→ DATASET SECTION
★ ★ ★ ★

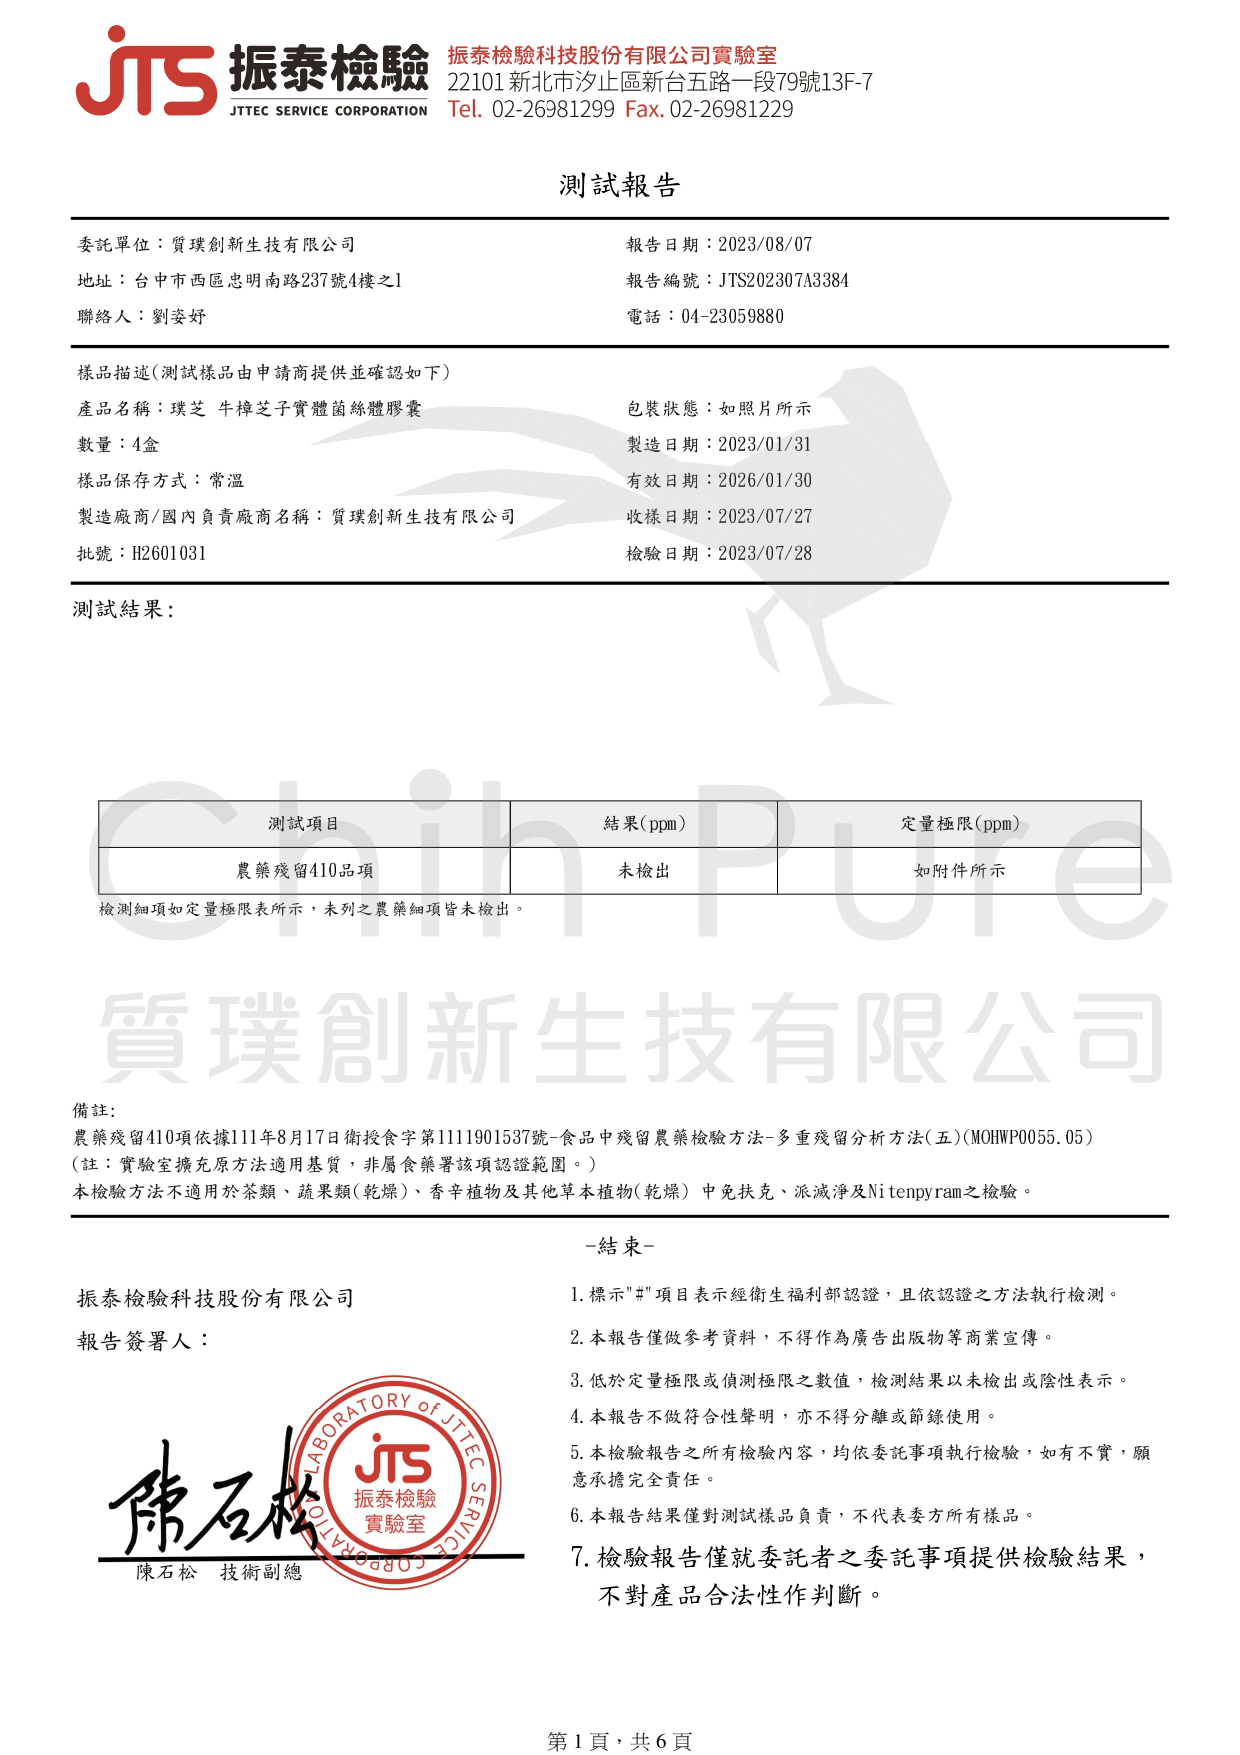 農藥JTS202307A3384(中文)_page-0001 (2)
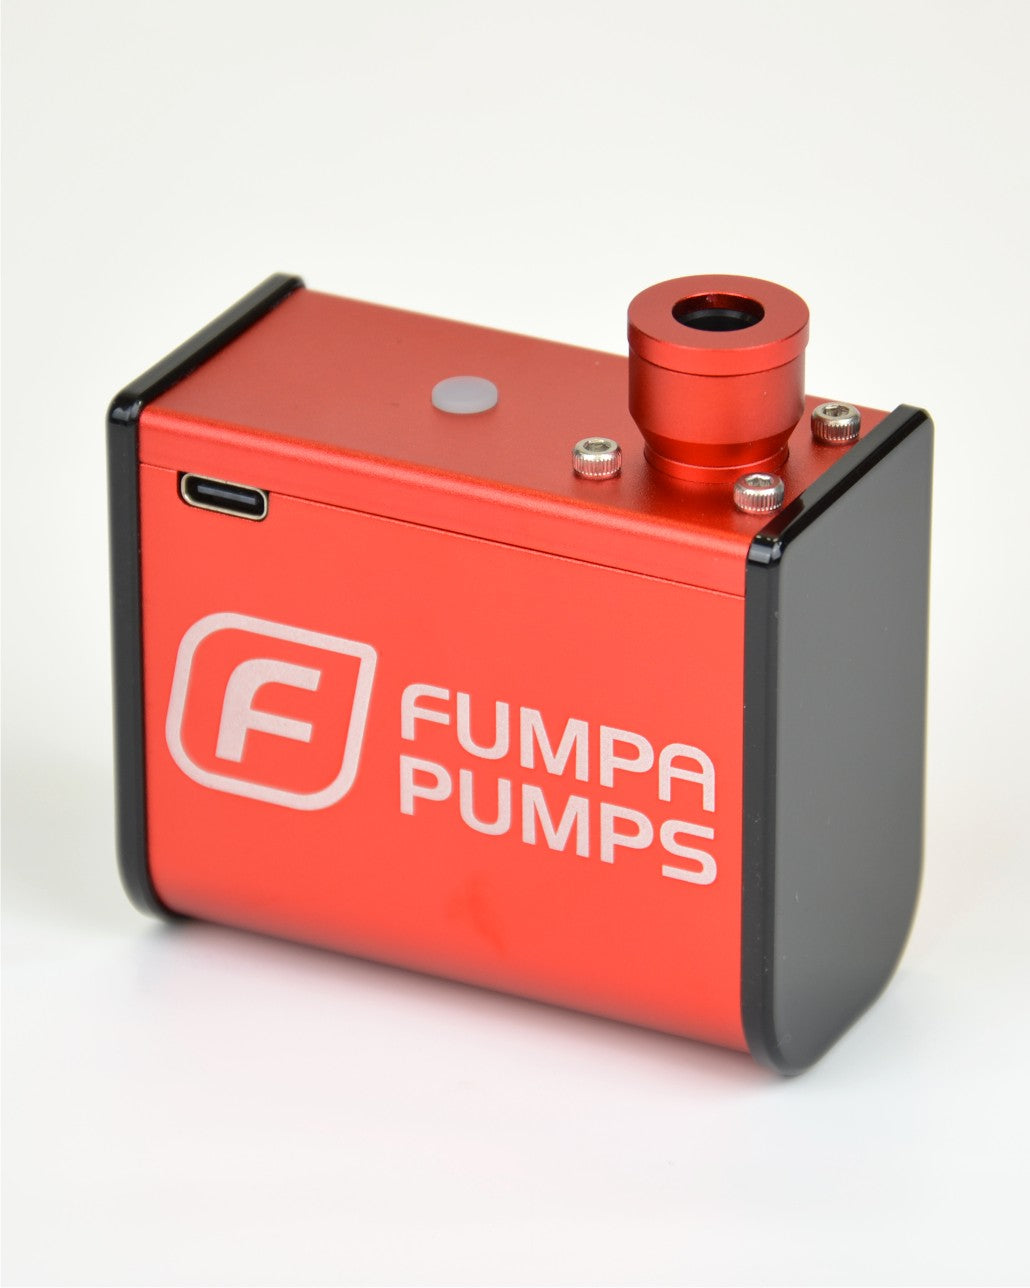 miniFumpa Bike Pump
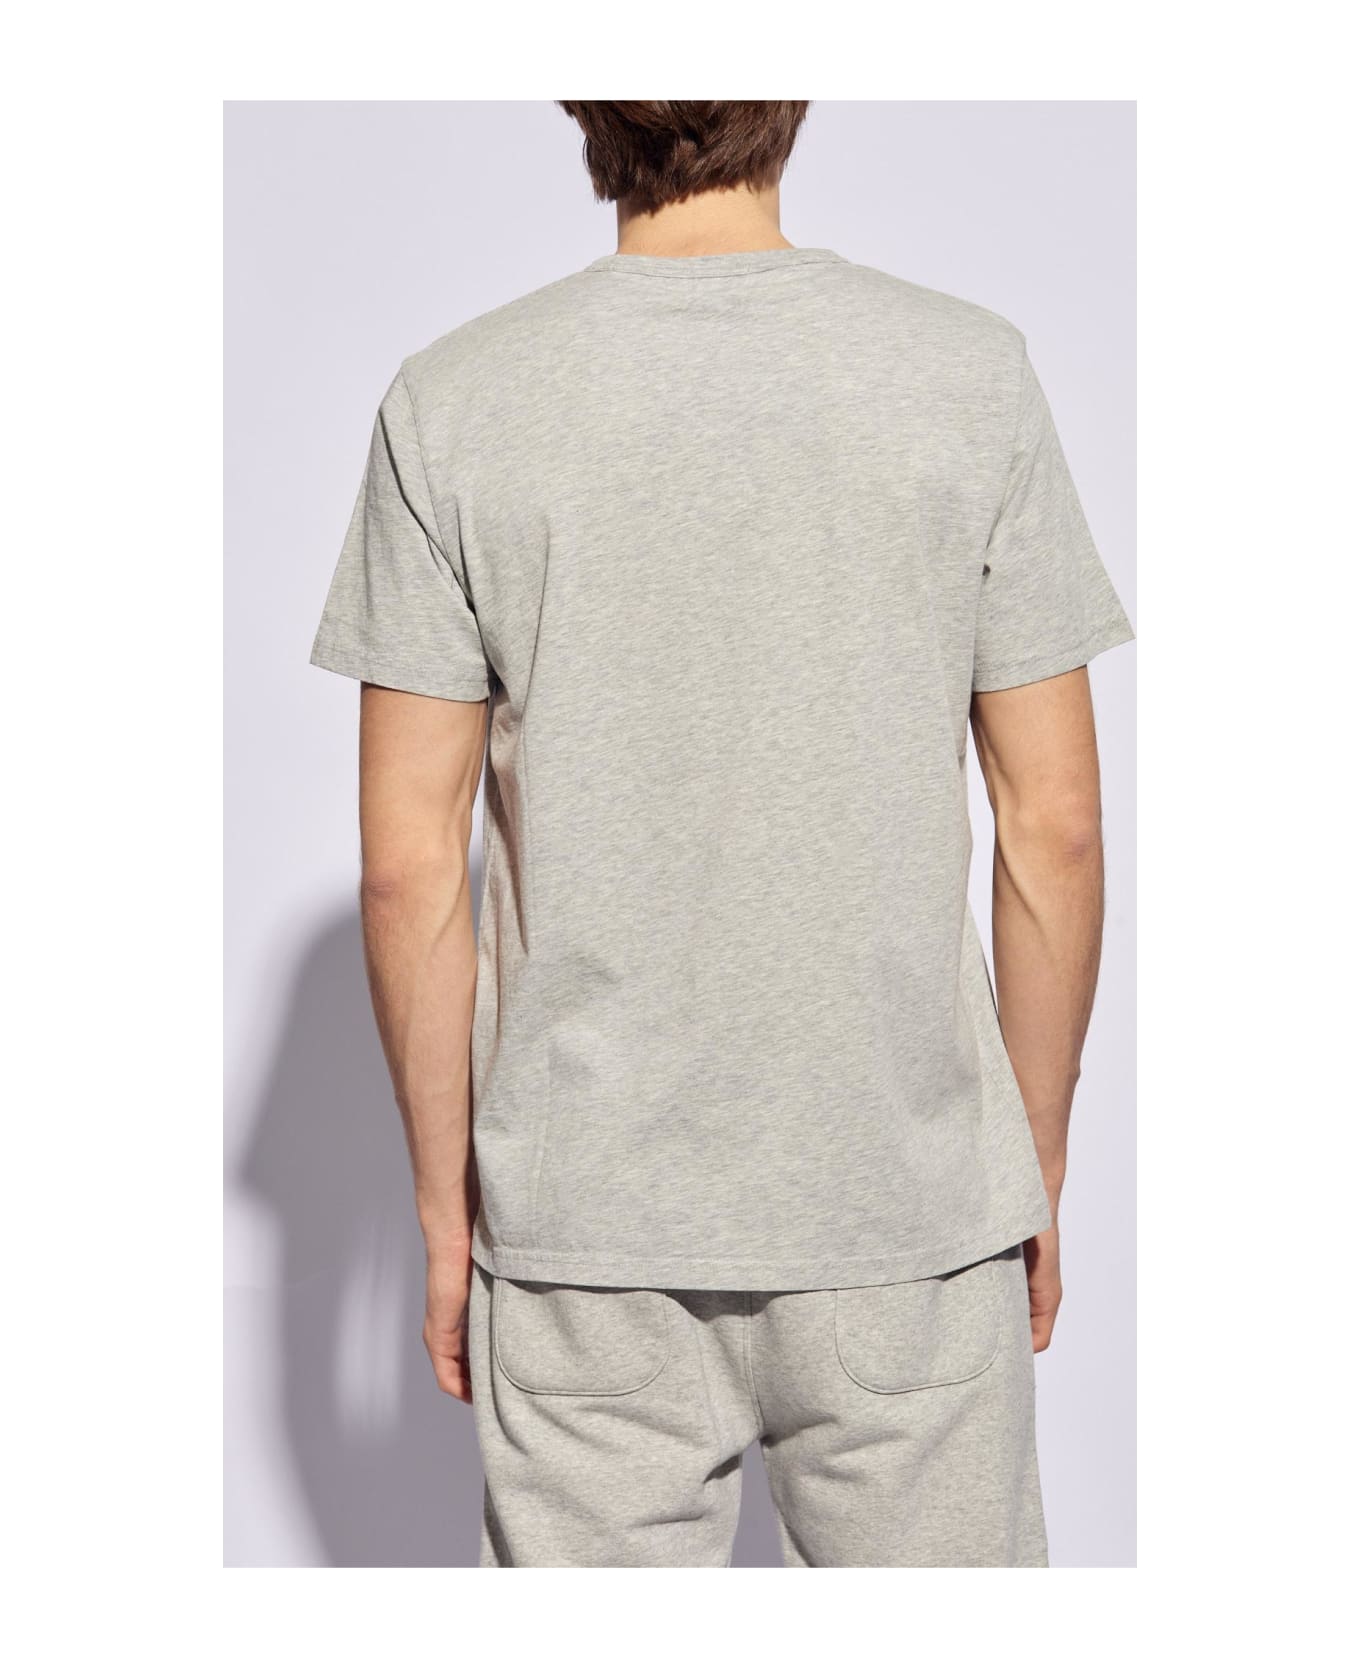 Woolrich T-shirt With Logo - Light Grey Melange シャツ

★ ★ ★ ★

→ WHAT THE EXERCISE ASKS
A verbatim copy of the data, with all pictures omitted, is the required output.

→ WRITTEN RESPONSE
 農藥JTS202307A3384(中文)_page-0001 (2)
 miniFumpa Bike Pump
 Woolrich T-shirt With Logo - Light Grey Melange シャツ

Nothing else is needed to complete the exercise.